Ok! Enough was enough! This night had to end right now before I gave in to my baser instincts, forget my vows of celibacy and let him murder what was left of my morals! Whirling around I yelled at him punctuating each word with a whack of my precious handbag at any part of his body I could reach, too angry to care about any damage to my bag but intent on doing as much damage as my tiny frame could do to his almost six-foot muscled body which, until tonight, had driven me to extreme heights of pleasure.

"Donald fucking Pepple! Open this door right now or I will scream so loud your neighbours will call the police!"

At this he rushed to insert the key in the lock. There was nothing Donald hated more than embarrassing public attention. He didn't even like public places like bars and clubs. I used to think it was because he was shy and didn't like attention. Now I know it's likely because he didn't want to run into his wife or her friends. Punk aśs bïtch!

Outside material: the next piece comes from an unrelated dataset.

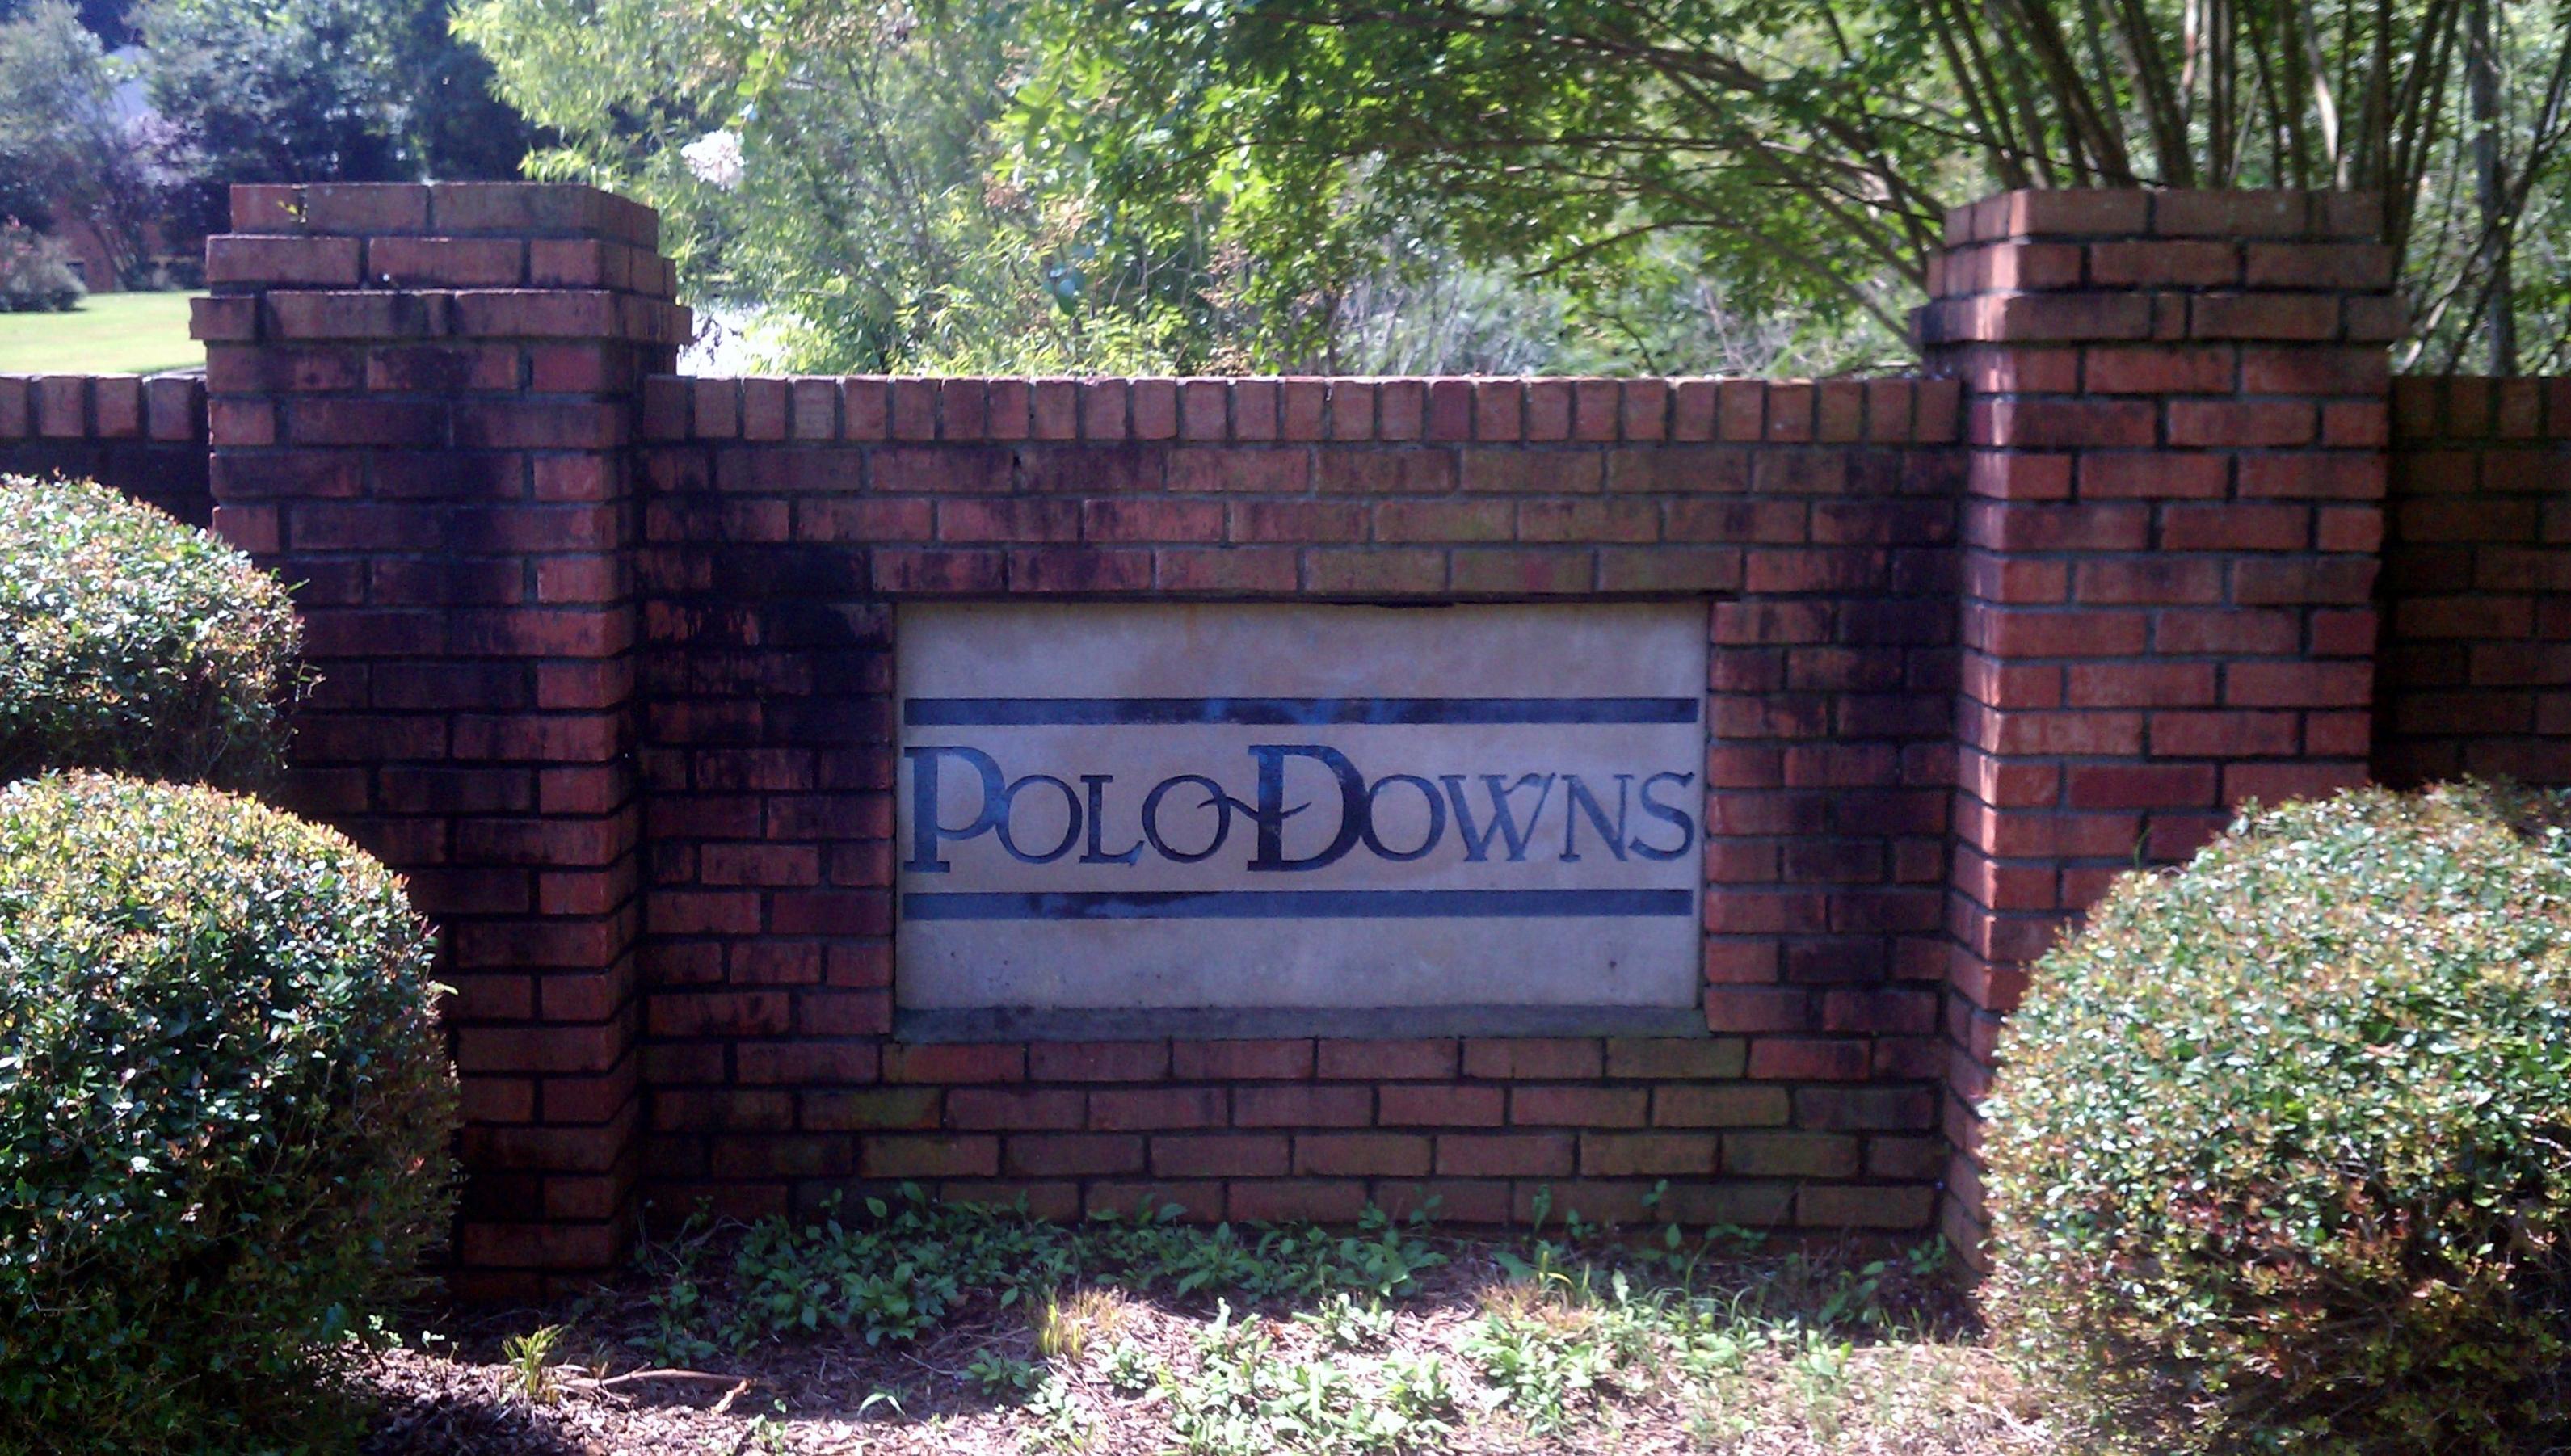 Polo Downs

As soon as the door was unlocked, I put my hand on the knob and turned it while simultaneously turning my face towards him to deliver a parting shot. "Don't ever call me again. I don't ever want to see you again. I hate you for lying about your marital status and I can't forgive that. So, go home to your wife and stay away from me."

With that, I turned around and almost walked into the tall beautiful and well-groomed woman standing at the door with arms on her hips looking like how I suspected Goliath looked down at David on that fateful day! Though she had no sword, she had the advantage of height as she towered over me. Unlike David, I didn't have a stone and a sling. And I was sure I did not have the Lord on my side at the moment seeing as my prayers and vow of celibacy had obviously been ignored. Oh! Plus I'd been fornicating with her husband.

"So..." she drawled in a cultured, slightly British accented voice. "You're my husband's latest girlfriend."

Despite the melanin in my creamy chocolate African skin, I felt the blood drain from my body in shock from my box-braided head to my naked feet as I stood face-to-face with the very impressive Mrs. Donald Pepple; my boyfriend's wife.